When there’s no more room in hell, the dead will walk the earth
George A Romero’s 1978 movie Dawn of the Dead is considered a horror classic. The dead have dug their way out of their graves and are slowly lurching around as horrific zombies. They’re not quite dead. And not quite alive. When done right, zombies are very, very scary.
It seems these days that zombies are very popular. They seem to be every where in books and movies. So much so that they’ve even started invading classic literature. I’m not sure what Jane Austen would think if she was to read Pride and Prejudice and Zombies.
Zombies have even found their way into the Christian realm. Professor Farnsworth on Futurama would use the phrase “Sweet Zombie Jesus” as an exclamation.
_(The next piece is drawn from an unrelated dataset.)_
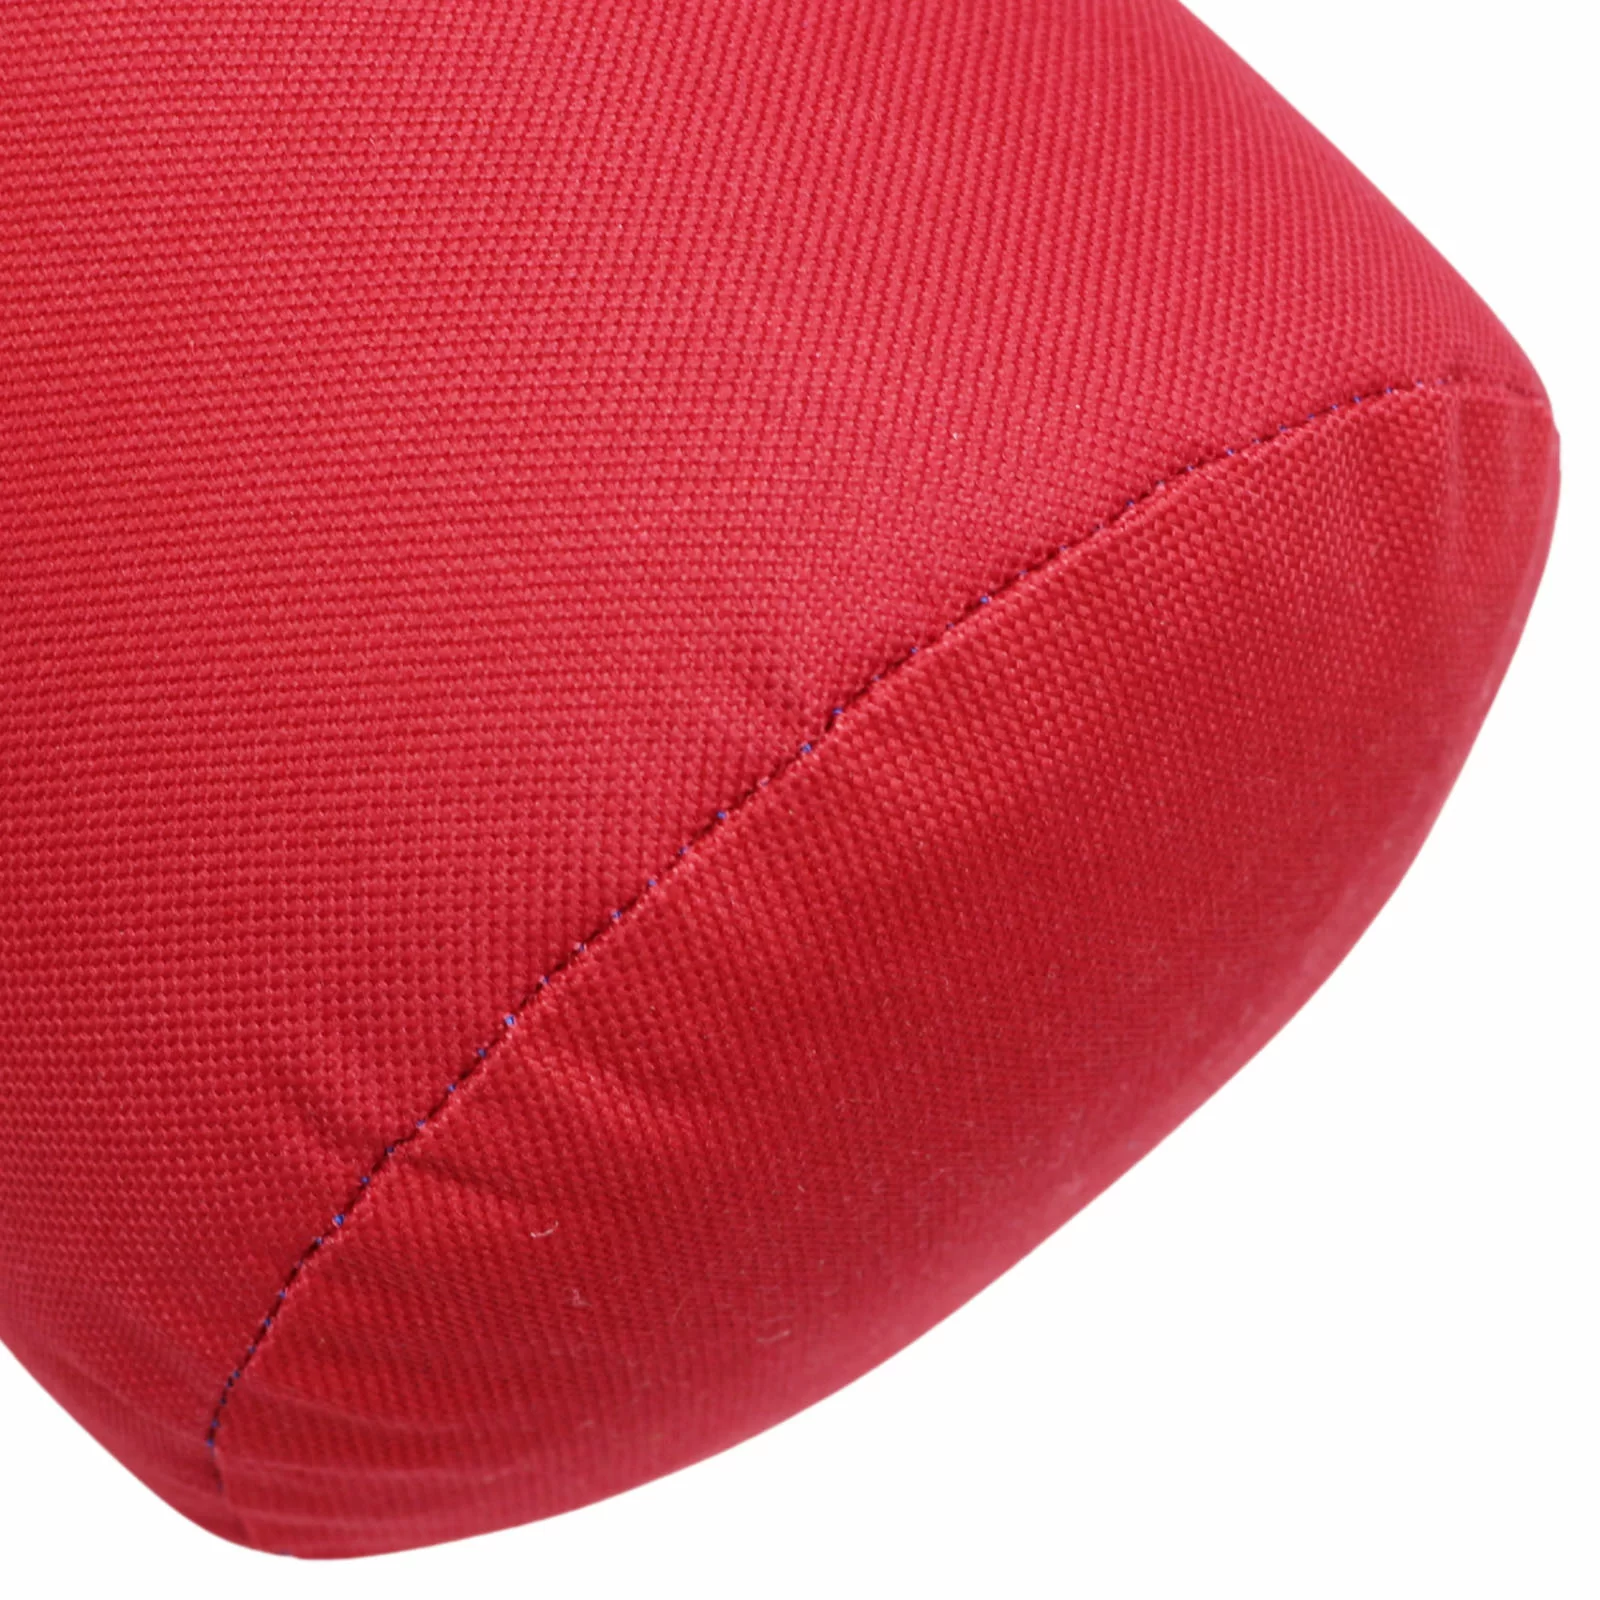 Фото Набор боксерский для начинающих RuscoSport Триколор (перчатки бокс. 6 oz) красный со склада магазина СпортСЕ

There’s even the Stinque Zombie Bible Project, a website where people are encouraged to go through the Bible and add zombies to people’s favourite verses. For example, John 3:16 now reads For God so loved the world, that he made His Son a zombie, and whoever is bitten by the Son shall also become zombie and be undead everlasting.
Quite frankly all this zombie stuff is nonsense. Jesus was not, is not, and never will be a zombie
The resurrection is not a zombie story. When people talk of Jesus as a zombie, what they’re doing is trying to discredit and ridicule the Christian faith. They’re not taking the resurrection seriously. They’re turning it into a joke
The resurrection is essential to the Christian faith. It’s the thing that holds everything together. If Jesus did not rise from the dead as a fully alive person, then Christianity is a waste of time. We can’t treat the resurrection like a zombie story. It’s a story where the dead become alive. It’s the story that can bring you life.
Check out Matthew 28 and read what really happened on Easter Sunday.